Is it usual for guinea pigs which have been happy companions to turn on each other? I wondered if it is because they are male and have become sexually mature. 
Any ideas please?


----------



## kat04kt

Hello, 

Male guinea pigs can become sexually mature from as little as three weeks - so after a year this is deffo not it! The hormonal teenage era usually starts at 3 months but can last upto 18 months. If this is the first time that you've noticed any bullying then here's a few things to check:

First thing - Is the one that is being bullied fit and healthy? Illness would be my first thought when two normally very happy well bonded piggies start to fall out, especially if one is being bullied (you have to think survival of the fittest, out in the wild a poorly piggy would slow a herd down) - check what they are eating and sit to make sure they are eating (not picking and then walking away - not eating is the first sign to spot but you have to really sit and watch), check their urine and poop output, any discolouration? any lifting of the bottom? any squeaks of pain passing urine or poop? Check the eyes, and nose are all clear and there no crusty bits. How is the breathing? Any crackling or a rattling chest? Listen to the guinea pigs chest, any clicking noises coming from inside?
Any unusual scratching? check the skin for any bold patches.
None of these symptons but you have noticed that your piggy isn't eating - maybe a dental problem.
Weigh them, and keep track of their weight everyday at the same time (an empty tummy compared to a full one will bring up differences of up to 20g) - if the one being bullied seems to be losing weight straight to the vet.

- Essentially check for any signs of illness. Remember guinea pigs being prey animals are excellent at hiding their symptons, until it's too late - keep a really close eye out for illness and straight to the vet if you suspect anything. Most piggy illnesses can be treated easily enough if you catch them in time. 

If piggies are all fit and healthy have a look at the following things:

How big is the cage? Two boars ideally need a cage that is 140cm in length, the bigger the better. Are they getting out and about enough? Boredom, lack of space to get away from each other - can make tensions flare. 

Make sure there is two of everything. Don't allow one to hog the bedroom create two bedrooms. Place bowls of food at either end of the cage (the bully pig can't be in two places at once).

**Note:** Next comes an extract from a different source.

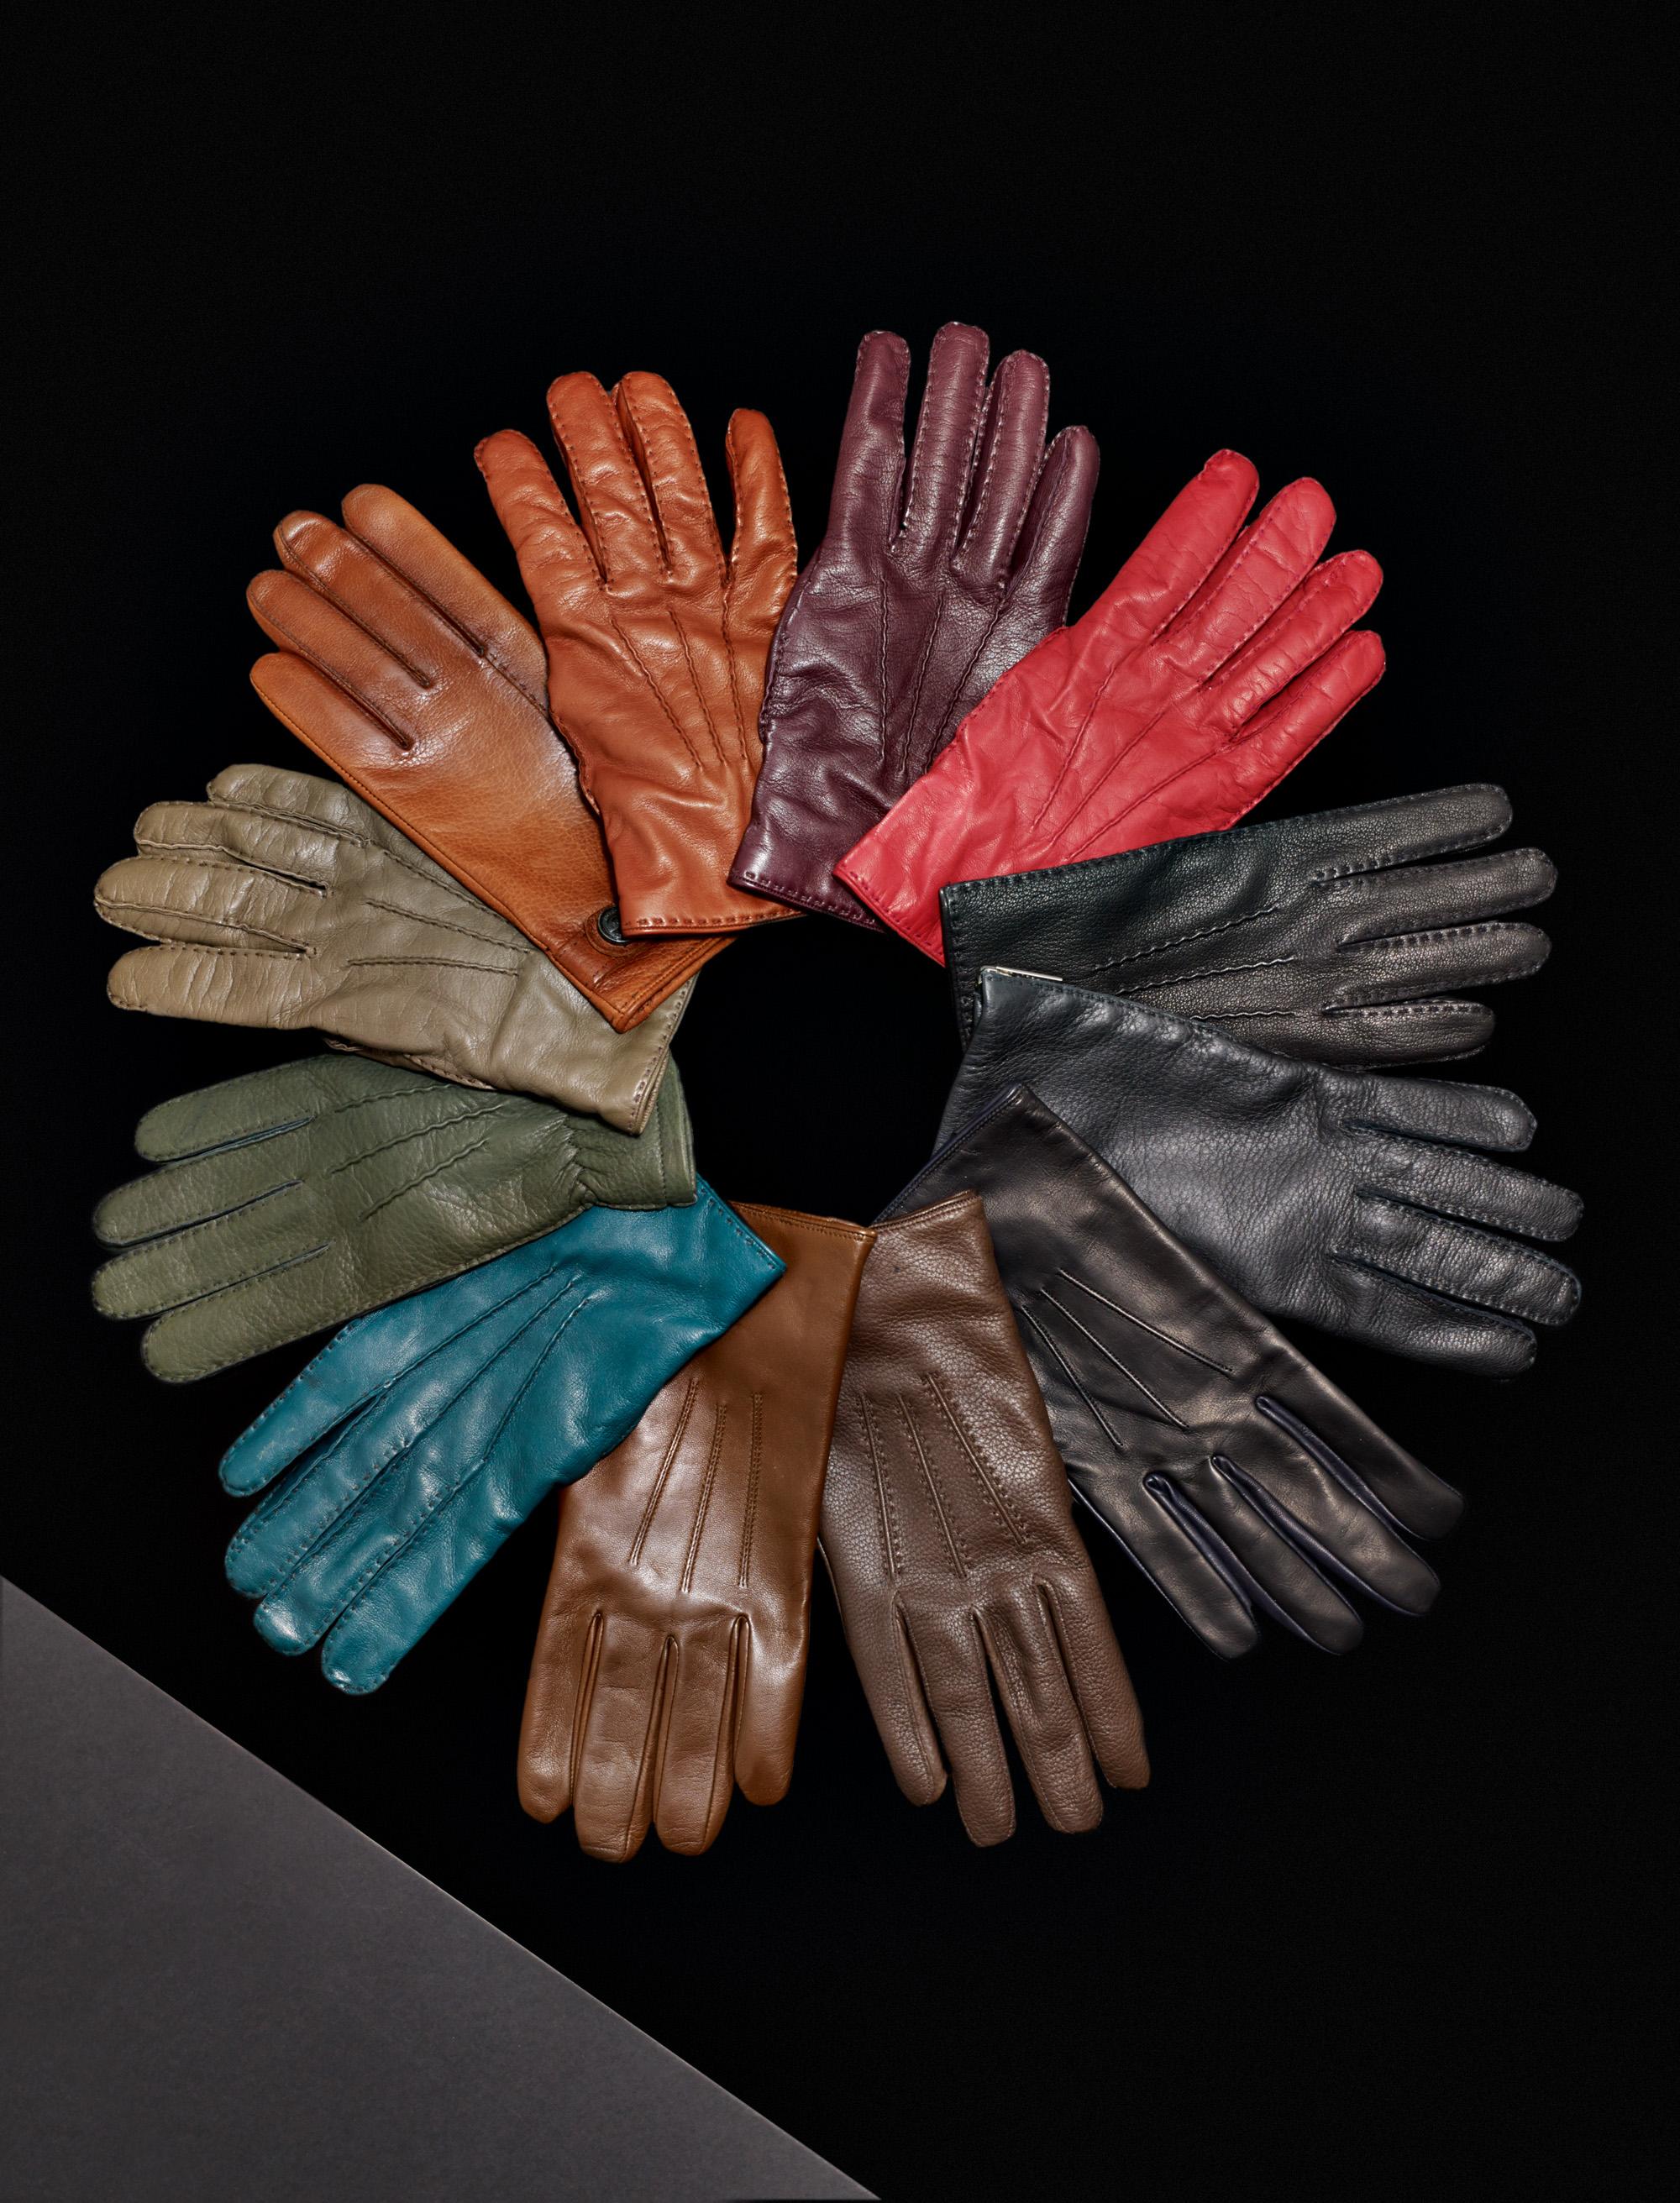 Gloves_0109_contrast.jpg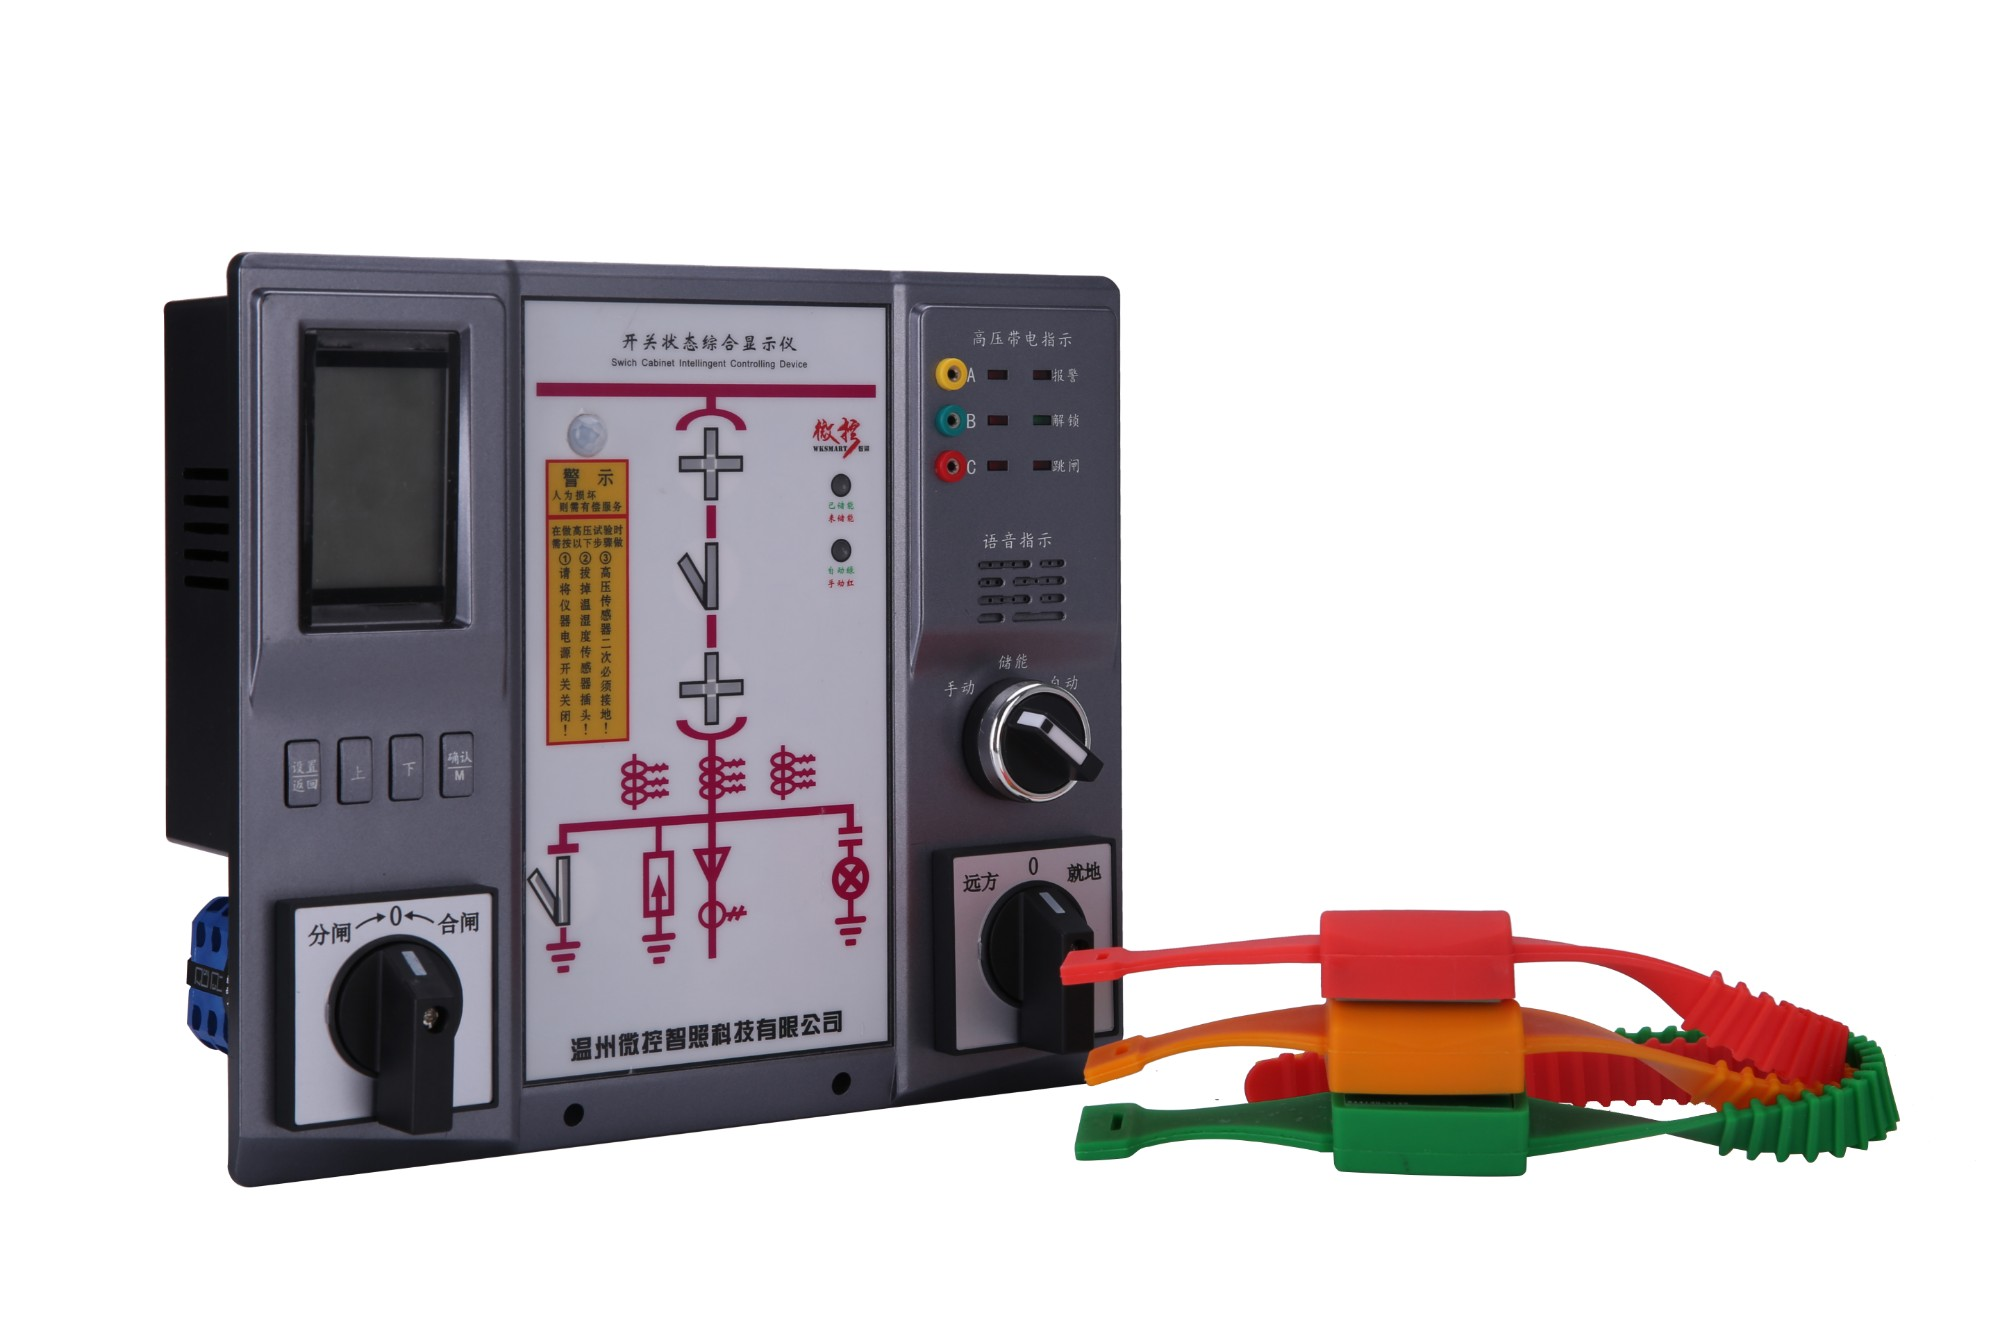 MS.CK-400系列LCD液晶型智能操控装置+电气接点测温

Some people like bonding baths, this is where you bath the piggies, in a piggy friendly shampoo together, so they smell the same. (I'm dubious about this method, but some swear by it). Again make sure they are both fit and healthy a poorly piggy will not do well with a bath!

Change all the beddings, disinfect/wash all the toys and completely revamp the cage - swap everything about, and/or buy new toys/beds etc if you can, basically make it like it's a brand new cage.

Any sows been nearby? The scent of a sweet girl can make the best of buddies begin war. 

Sometimes for no real reason that us humans know about, two boars can fall out. Watch for signs of aggression. This, however. sounds like one of the piggies is being submissive if he's allowing the other boar to bully him out the bedroom. I really would check and recheck for illness, that would be my first thought. 

Let me know how you get on xxxx


----------



## encn71

Thank you so much for all your advice. 
I think you have pointed to the problem for me!
We have just left them with our friends for a week, in their own cage, as we went on holiday. These friends have female pigs! They weren't ever left out together as they didn't want them to mate of course but they will most certainly have been able to smell them! 
Ok so where do we go from here?
Will they become friends again once the dominant one has calmed down?
They do go out almost every day into a large run on the grass so I could let them do that separately?
Now there is no female smell will he forget about them?!
Thank you!
Emma


----------



## swatton42

Just wanted to say, I agree mostly with Kat, apart from the 2 of everything thing. In my opinion and experience that is encouraging territorial behaviour and you will end up with 2 seperate 'territories' in the same hutch and no real social bond. Providing the dominant male hasn't had a chance to mate with a female then they should settle again quite quickly when away from the female scent.

If you are concerned then treat the pair as a new bond again. Don't seperate them at this stage, even just for a run on the grass. If they start to show signs of excessive teeth chattering and rumbling then you may want to split them before they start to fight. It shouldn't come to that though. 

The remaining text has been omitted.